Why 1/3 attempted runs timed out: the SDK call inside the renderer's poll-4 turn returned The operation timed out. after 378s. This is the second-mode failure documented in LEARNINGS.md (the first being Opus stalling on poll 7 retire detection in batch mode); both are real production-readiness considerations, not eval bugs.

Honest framing: the canonical 93.6% relevance / 100% critical recall / 1 retire is a realized trajectory, not an expected value. Two of three attempted replicates hit the gate; one critical-recall miss in the successful pair. Run the harness yourself: USE_FIXTURES=true bun run replicates --n=3 && bun run eval:aggregate artifacts/replicates. Tier 2 work to tighten the spread (held-out fixture, deterministic rule-conflict resolution, LLM-graded prose) is documented in LEARNINGS.md.

The feel — before vs after

Digest #1 with no coaching (baseline):

# Digest — Poll 1
## Signal
- [m001] [#general] @lurker_d: gm everyone ☀️
- [m002] [#general] @random_e: gm!
- [m003] [#help] @newbie_c: how do I install? the npm command in the README errors out with peer deps
- [m005] [#general] @contrib_a: anyone else seeing flaky CI on main? third failure this morning
- [m006] [#bugs] @contrib_a: opening issue for the CI flake — cache step intermittently fails
## Suppressed by ctx (1)
- (ctx default): docs_bot auto-reply — 1 message(s): m004

Digest #1 after one coaching DM ("less gm/gn in the digest please"):

# Digest — Poll 1
## Signal
- [m003] [#help] @newbie_c: how do I install? the npm command in the README errors out with peer deps
- [m005] [#general] @contrib_a: anyone else seeing flaky CI on the main branch?
- [m006] [#bugs] @contrib_a: opening issue for the CI flake — cache step intermittently fails
## Suppressed by ctx (3)
- rule_001: gm/gn message — 2 message(s): m001, m002
- (ctx default): docs-bot auto-reply — 1 message(s): m004

One DM. Two messages filtered. The cited rule (rule_001) links back to a custom-tool event in the MA event log, which carries the owner's own reason string: "Owner said 'less gm/gn in the digest please' — explicit request to dial down gm/gn chatter." Every decision ctx makes is traceable to a DM the owner sent.
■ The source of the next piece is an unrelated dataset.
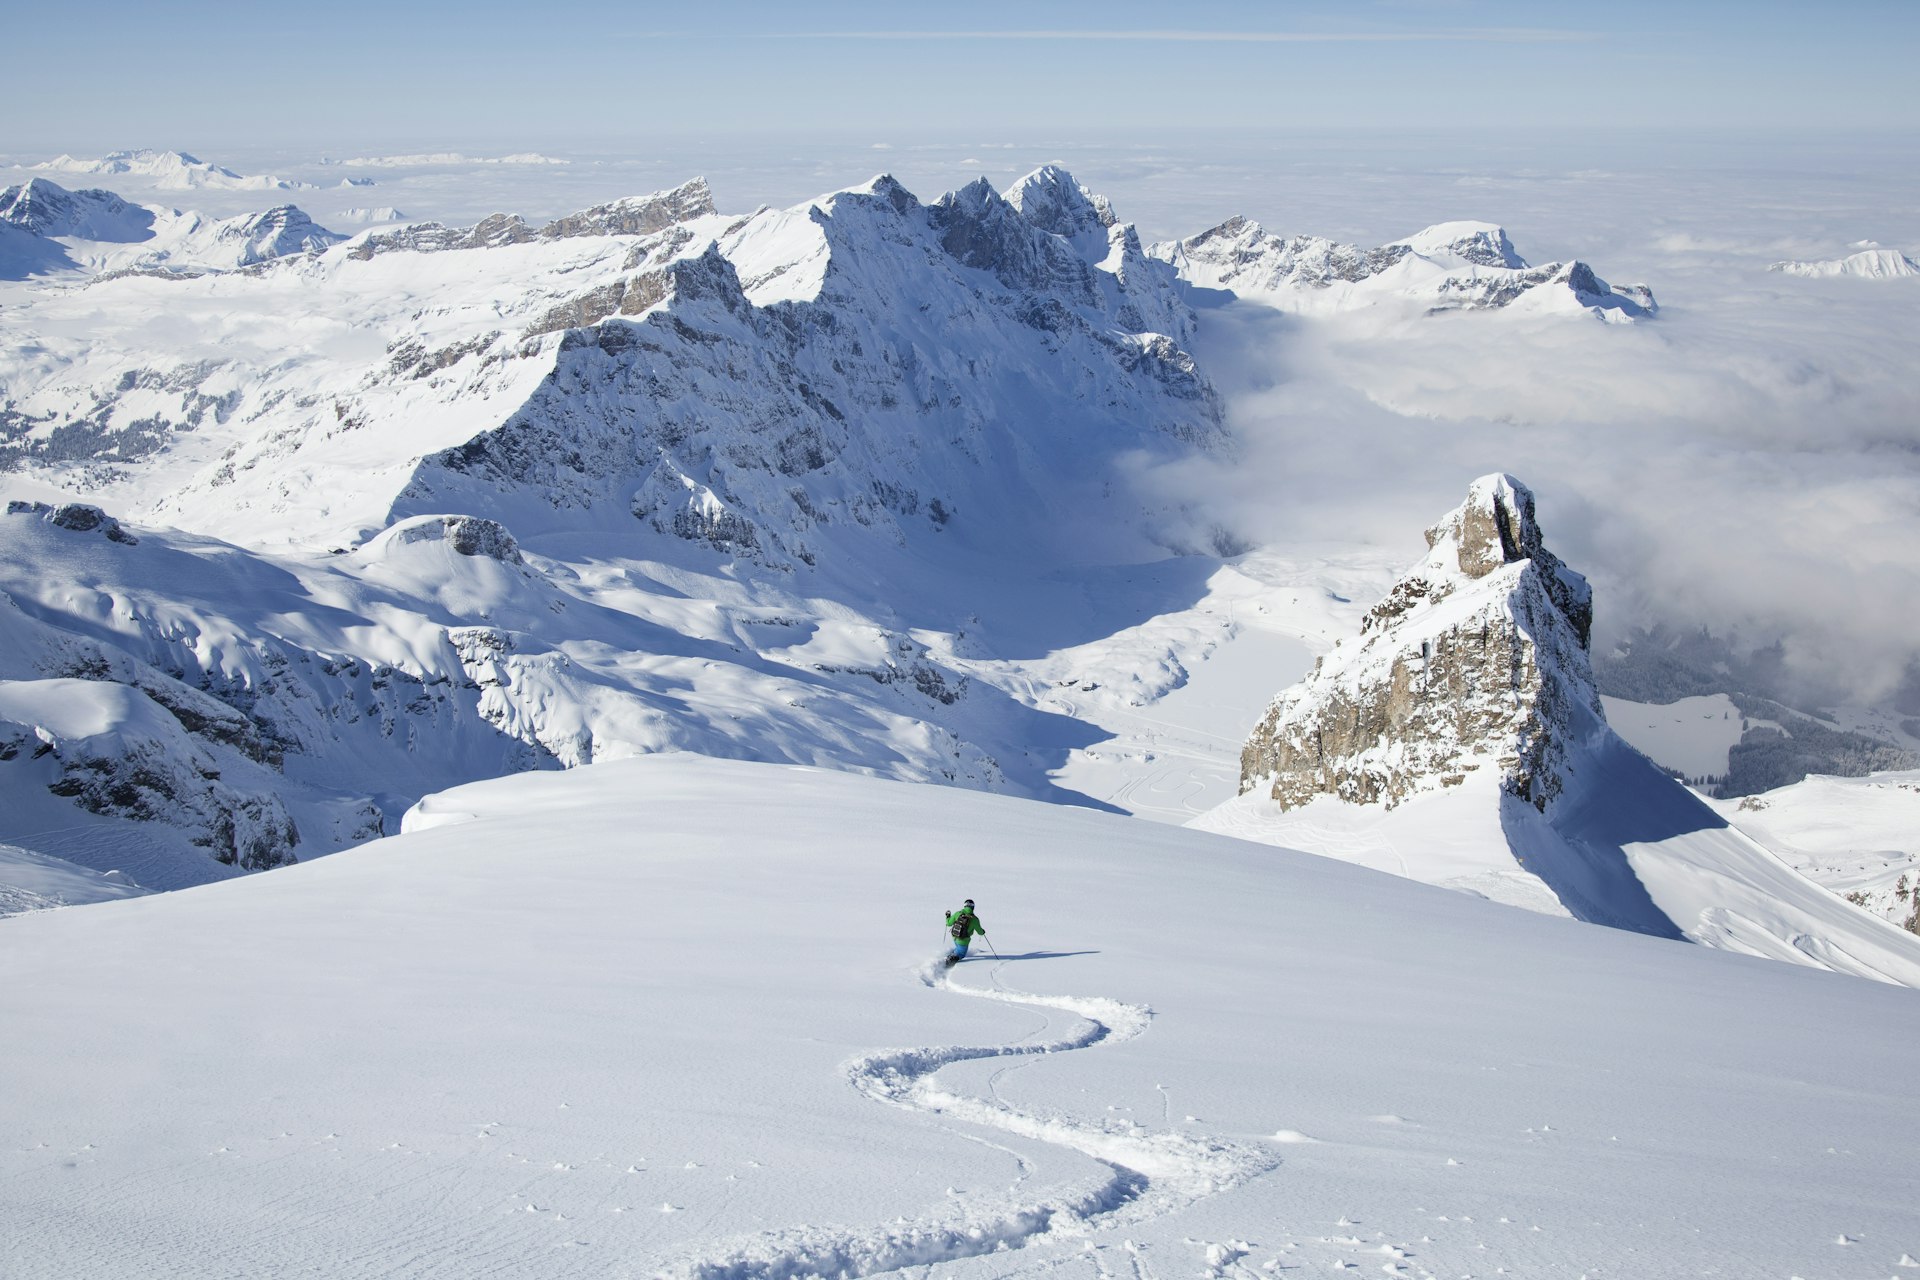 Off-piste skier heads off towards a mountain summit in powder snow

By digest #10, six rules are active and one has been retired. The filtering keeps up.

The retire moment

At poll 6 the owner DMs "#announcements is mostly noise, dial it back." ctx creates rule_005, a broad suppression rule for that channel. One poll later, seeing the cost of that suppression in the poll-6 digest, the owner reverses: "wait actually — release notes in #announcements ARE important, especially breaking changes. reverse what I said about dialing it back."

The reasoner reads this against its current rule set, detects the contradiction, and autonomously fires:

{
  "action": "retire",
  "payload": { "rule_id": "rule_005" },
  "reason": "Owner said 'reverse what I said about dialing it back' — explicit retraction of the #announcements suppression rule."
}

Belief revision on internal state — the agent deleting its own prior belief through an audited tool, with the reason captured in the MA event log. Then an upsert for the replacement (rule_006: surface release notes and breaking changes from #announcements as important). Two tool calls, one coaching DM, a visibly different digest the next poll.

Verify end-to-end with bun run events --poll=7.

Under the hood

Managed Agents is built around four concepts — Agent, Environment, Session, Events (docs). ctx makes each legible in the chat you already use:

Concept ctx's use Evidence
Agent Opus 4.7 reasoner + Haiku 4.5 renderer + Opus 4.7 narrator. Wired with `instructions(upsert retire, payload, reason)custom tool, thepreference-coach+observability-narratorskills, andweb_fetch` from the built-in toolset.
Environment Each session's sandboxed container. The renderer calls web_fetch from inside the environment when a Discord message references a URL that IS the substance of the share — citations appear in the digest. [artifacts/coached/digest-03.md](./artifacts/coached/digest-03.md) (m015 fetched summary)
Session One session per poll, same agent across polls. state/sessions.jsonl indexes coached-run sessions; client-side state/rules.json is the durable rule store — re-injected as context per session. [src/lib/state.ts](./src/lib/state.ts), [state/sessions.jsonl](./state)
Events /observability narrates the session event log (custom tool calls, reasons, agent.thinking traces, rule deltas) via Opus re-reading its own history. No shadow logging. [artifacts/observability-opus.md](./artifacts/observability-opus.md) vs [observability-haiku.md](./artifacts/observability-haiku.md) (A/B)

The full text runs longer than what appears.